Взглянув в окно, я увидел садовника Берти с корзиной, чем-то наполненной. Человечек исчез, оставив более яркое воспоминание о торчавшем из кармана метре, чем о себе. Этот складной метр воспринимался как символ его тайны, его замкнутой в немоте жизни.

Как истинный славянин, Зигмунд был словоохотлив: тут же сообщил нам, что он поляк и королевский лесничий из числа тех, чьим заботам вверены леса вокруг Стокгольма. Лес, граничивший с домом, всецело был вверен его заботам. Среди лесничих Швеции, удостоенных королевской грамоты, трое поляков. Один из них – он. Чтобы добиться такого признания, пришлось четверть века на совесть трудиться.

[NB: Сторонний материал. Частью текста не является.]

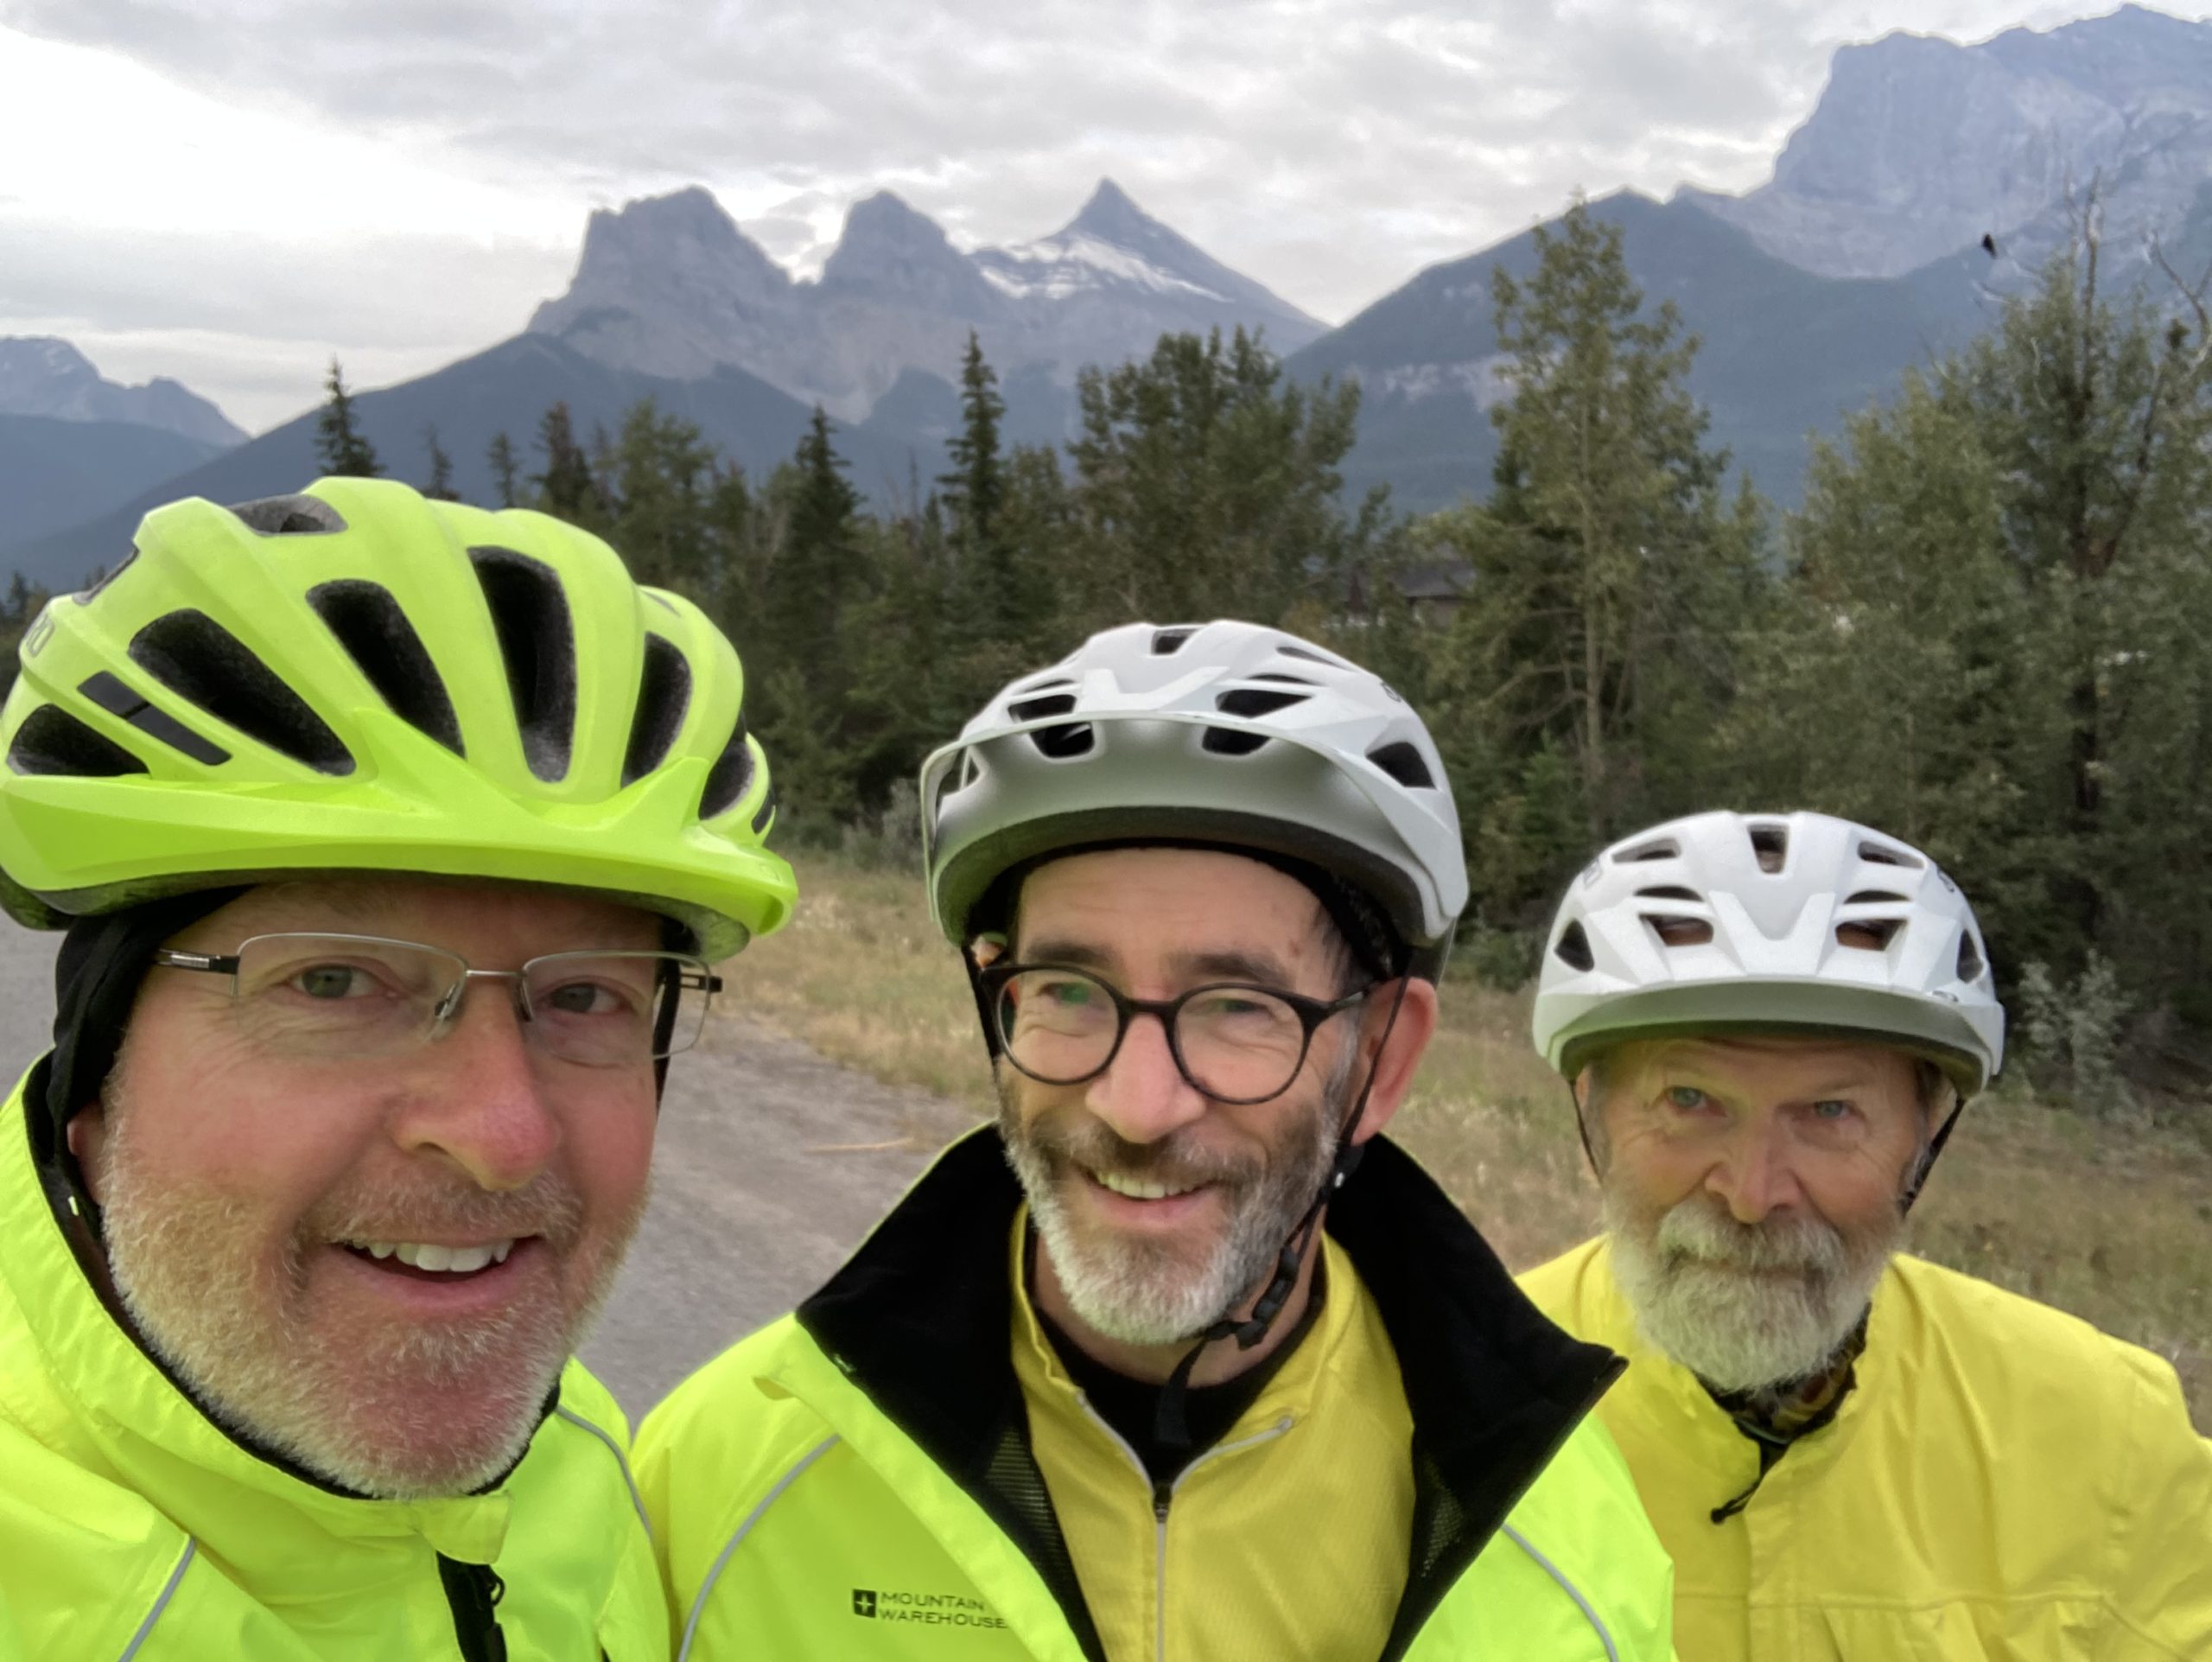 Day 25: Canmore to Strathmore – 151 KM

Его никто не слушал всерьез. Питер ел, как всегда, деликатно, однако, не глядя на Зигмунда; а я снова оглянулся на окно, ища глазами человечка, но опять увидел лишь Берти, на этот раз с пустой корзиной. Немым присуще какое-то особое достоинство… (Тем временем и Зигмунд опорожнил свою тарелку: Я бы не сказал, что при этом он сумел открыть нам глаза на что-то существенное в себе; нет, он спешил подвергнуть нашей оценке свое внешнее, несущественное бытие. Что нам оставалось думать о его способности проникаться духом тех мест, куда его забрасывала судьба?)

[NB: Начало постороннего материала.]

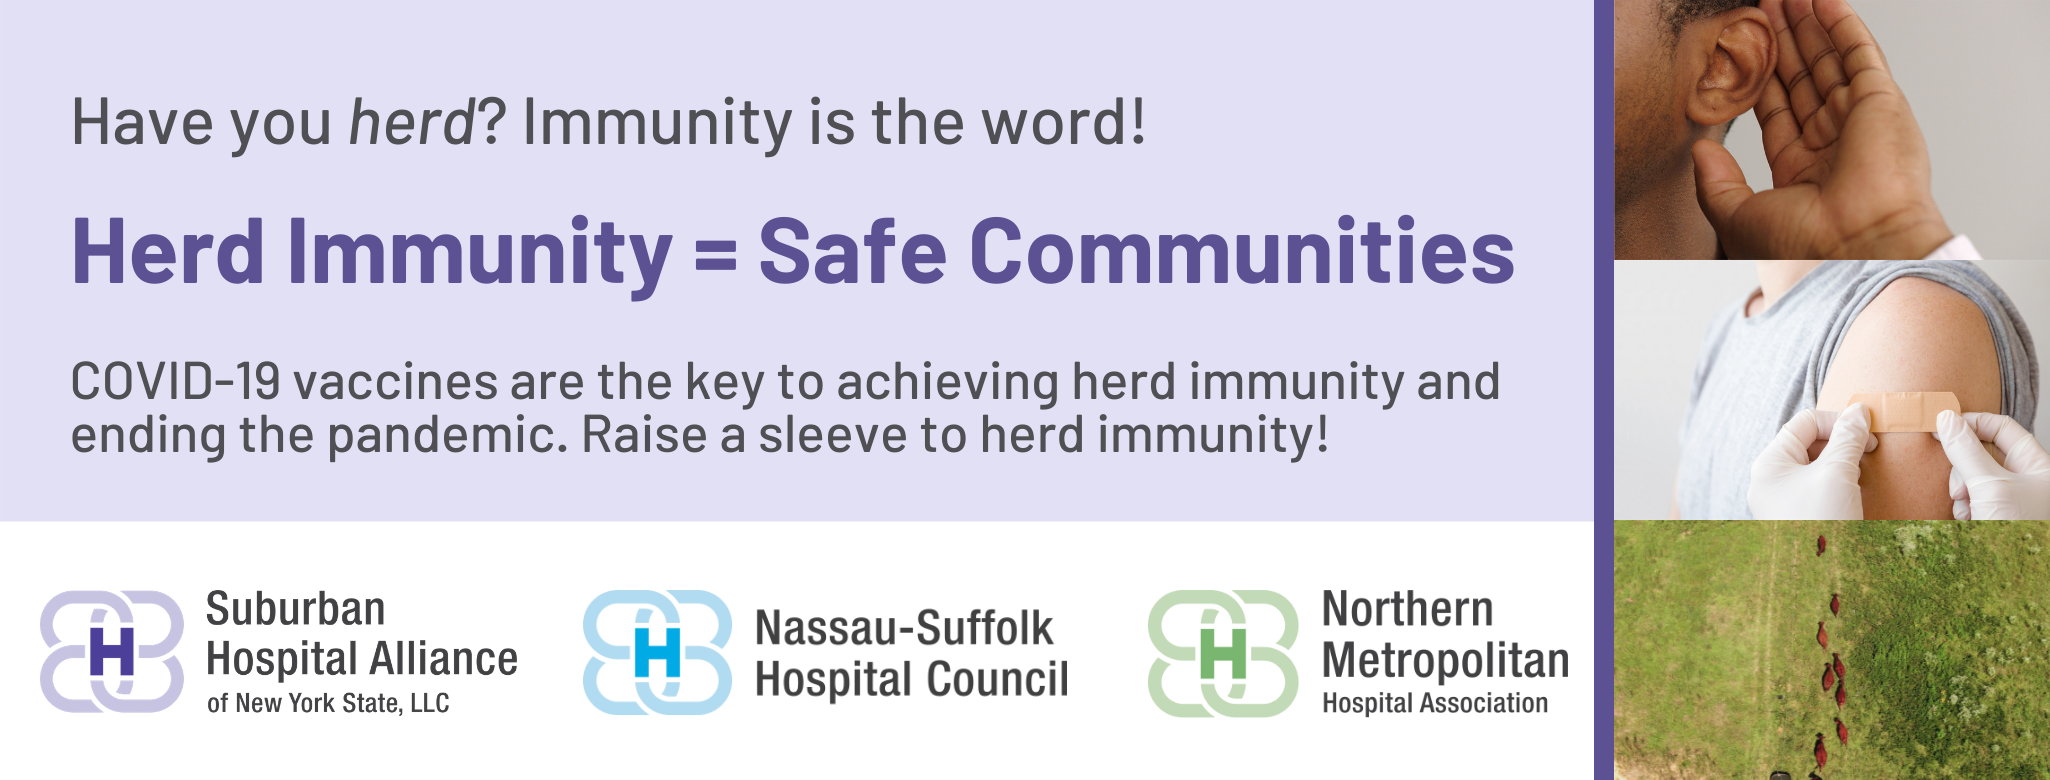 Have you herd? Immunity is the word!

Словно специально для того, чтобы подтвердить уже сложившееся о нем впечатление, Зигмунд принялся расспрашивать поступившего вместе с ним норвежца, что он за человек и не живет ли в Осло? Так мы узнали, что новичок гомеопат. Подобную бесцеремонностья остро воспринимал как покушение на автономность, своеобычность «Брандала»; каждое произнесенное Зигмундом слово как бы отнимало у нас этот дом или мало помалу выталкивало нас из него на прозаический свет повседневности: голова, грудь, ноги – вот мы уже почти полностью снаружи. Еще чуть-чуть – и отчуждение станет более явным, чем если бы мы находились в тысячах верст отсюда.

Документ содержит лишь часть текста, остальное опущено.